И мне это удалось: я уволилась со строительства (это было непросто — помогла болезнь) и устроилась на работу в школу рабочих-стахановцев на заводе имени «1 Мая» на самой окраине Москвы. Там я преподавала русский язык и литературу рабочим — среди учеников моих были и подростки, и их седеющие матери и отцы.
«Мы учимся у вас не только литературе: мы смотрим, как вы держитесь, улыбаетесь, разговариваете…» — так говорила мне моя ученица, пожилая женщина, «знатная стахановка» и член партийного комитета. «Мы полюбили вас», — говорили мне мои ученики. Я и радовалась и одновременно смущалась, потому что они были искренни, а я их обманывала: они не знали историю моей жизни. Они не знали, что мне негде сегодня переночевать и, может быть, не придется даже на ночь раздеться. А утром я должна быть отдохнувшей, хорошо одетой, спокойной.

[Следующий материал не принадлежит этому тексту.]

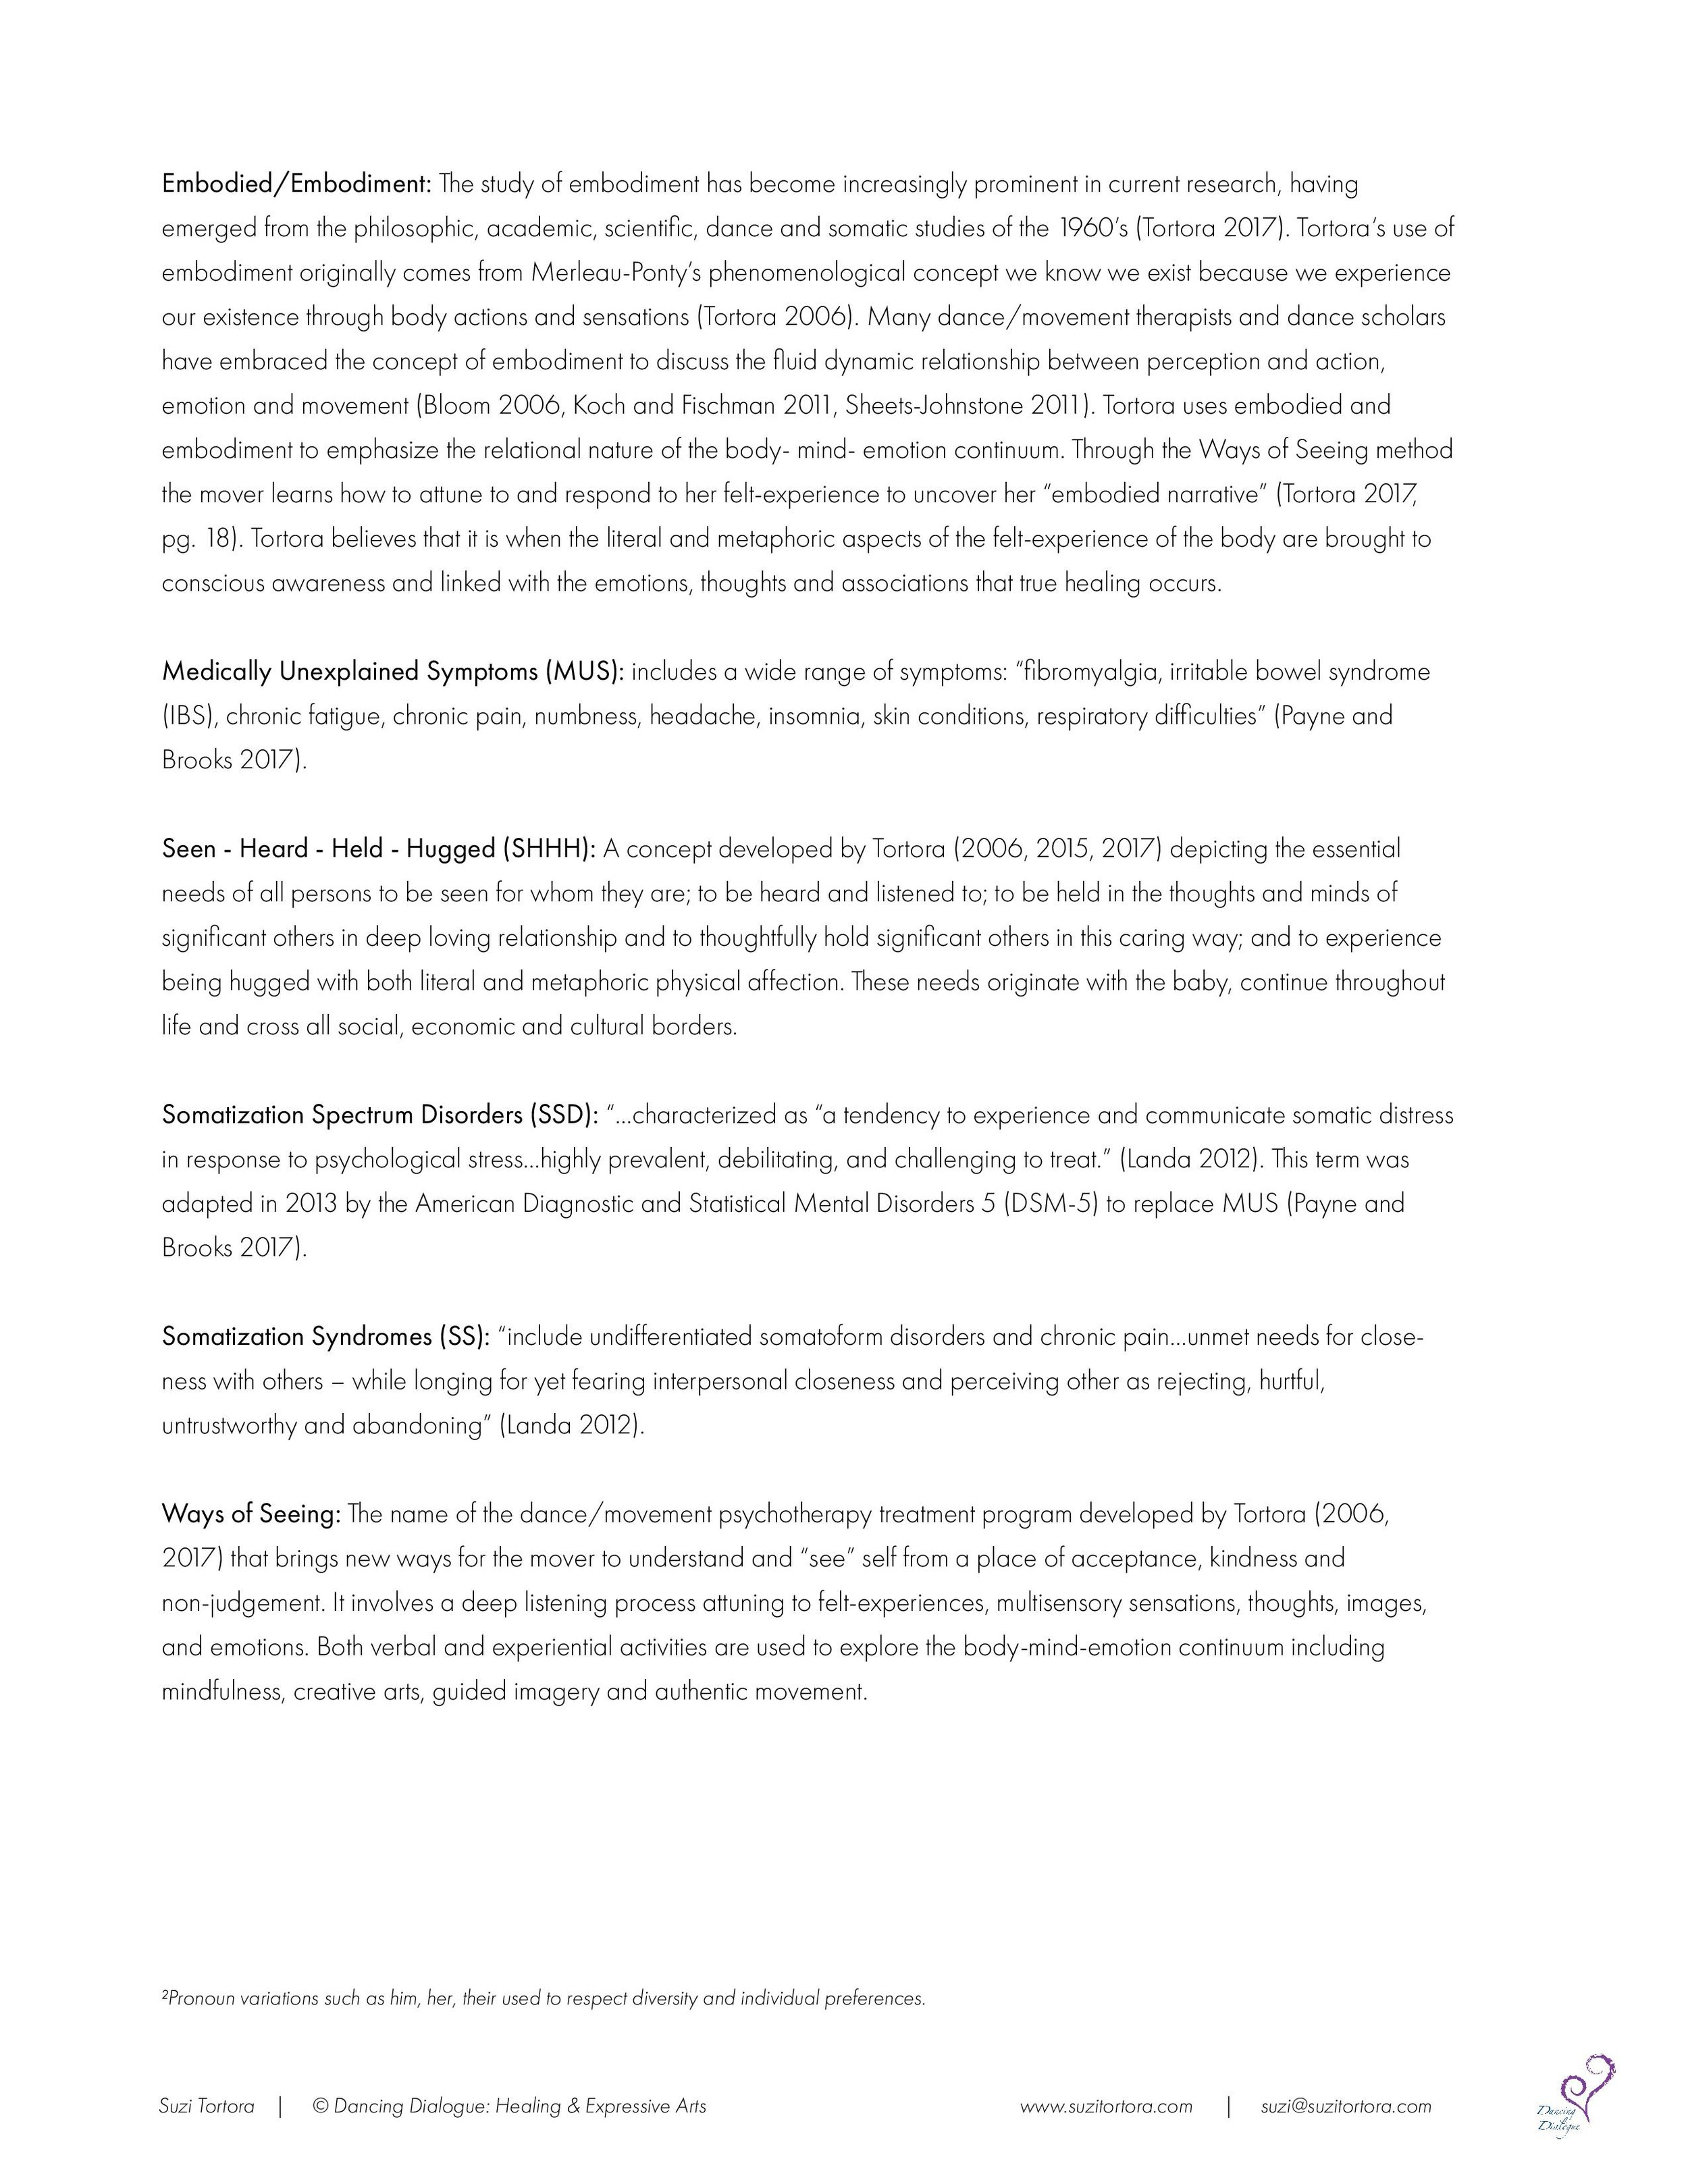 SD_PDFdownload_v3-page-002.jpg

Только снятие судимости дало бы мне возможность жить с матерью, не бояться каждой встречи на улице, не скрывать на работе свое прошлое. И мне пришло в голову обратиться за этой милостью к «всероссийскому старосте» М. И. Калинину. Вся бесправная и обиженная Россия тянулась легковерно в его канцелярию, хотя, как мы впоследствии убедились, сам Калинин был зажат в тисках сталинского режима и был бессилен. Отправилась к Калинину и я. Не дойдя по улице несколько шагов, я увидала выходящим из дверей калининской приемной человека, кого-то мне напоминавшего. Мы оба остановились, вглядываясь друг в друга.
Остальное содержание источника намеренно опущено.